== Task goal ==
Reproduce exactly the opening lines of the listing, stopping after the line that contains "Colorful Wedding Invitation" and including it.

== The data ==
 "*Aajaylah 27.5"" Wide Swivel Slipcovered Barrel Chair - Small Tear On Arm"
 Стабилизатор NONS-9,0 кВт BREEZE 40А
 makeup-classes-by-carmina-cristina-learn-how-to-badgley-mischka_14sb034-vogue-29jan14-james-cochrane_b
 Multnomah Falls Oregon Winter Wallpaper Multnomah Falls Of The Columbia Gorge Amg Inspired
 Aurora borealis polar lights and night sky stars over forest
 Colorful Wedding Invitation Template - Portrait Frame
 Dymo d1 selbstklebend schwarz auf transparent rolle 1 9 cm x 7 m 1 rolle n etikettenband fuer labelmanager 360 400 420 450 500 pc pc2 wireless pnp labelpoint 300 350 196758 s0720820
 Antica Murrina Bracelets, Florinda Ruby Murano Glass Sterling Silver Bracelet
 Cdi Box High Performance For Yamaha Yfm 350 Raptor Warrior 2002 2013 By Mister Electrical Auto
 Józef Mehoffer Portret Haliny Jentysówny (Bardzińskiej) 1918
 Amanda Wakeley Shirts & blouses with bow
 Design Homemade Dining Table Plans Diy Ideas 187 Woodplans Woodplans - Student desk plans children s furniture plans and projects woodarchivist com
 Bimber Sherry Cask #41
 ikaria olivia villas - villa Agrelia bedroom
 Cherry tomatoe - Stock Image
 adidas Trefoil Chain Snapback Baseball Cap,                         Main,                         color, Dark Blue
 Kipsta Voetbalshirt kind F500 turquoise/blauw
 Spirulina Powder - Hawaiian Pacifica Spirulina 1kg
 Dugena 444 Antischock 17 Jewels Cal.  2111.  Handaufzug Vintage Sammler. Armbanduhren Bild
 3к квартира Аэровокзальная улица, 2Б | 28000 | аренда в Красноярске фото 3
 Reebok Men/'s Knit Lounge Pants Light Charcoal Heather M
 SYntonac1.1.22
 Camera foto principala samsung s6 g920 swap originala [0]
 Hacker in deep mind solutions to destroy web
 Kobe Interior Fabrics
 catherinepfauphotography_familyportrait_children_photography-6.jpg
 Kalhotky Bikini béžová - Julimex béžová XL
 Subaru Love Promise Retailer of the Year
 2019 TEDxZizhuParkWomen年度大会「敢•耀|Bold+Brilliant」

== Task result ==
 "*Aajaylah 27.5"" Wide Swivel Slipcovered Barrel Chair - Small Tear On Arm"
 Стабилизатор NONS-9,0 кВт BREEZE 40А
 makeup-classes-by-carmina-cristina-learn-how-to-badgley-mischka_14sb034-vogue-29jan14-james-cochrane_b
 Multnomah Falls Oregon Winter Wallpaper Multnomah Falls Of The Columbia Gorge Amg Inspired
 Aurora borealis polar lights and night sky stars over forest
 Colorful Wedding Invitation Template - Portrait Frame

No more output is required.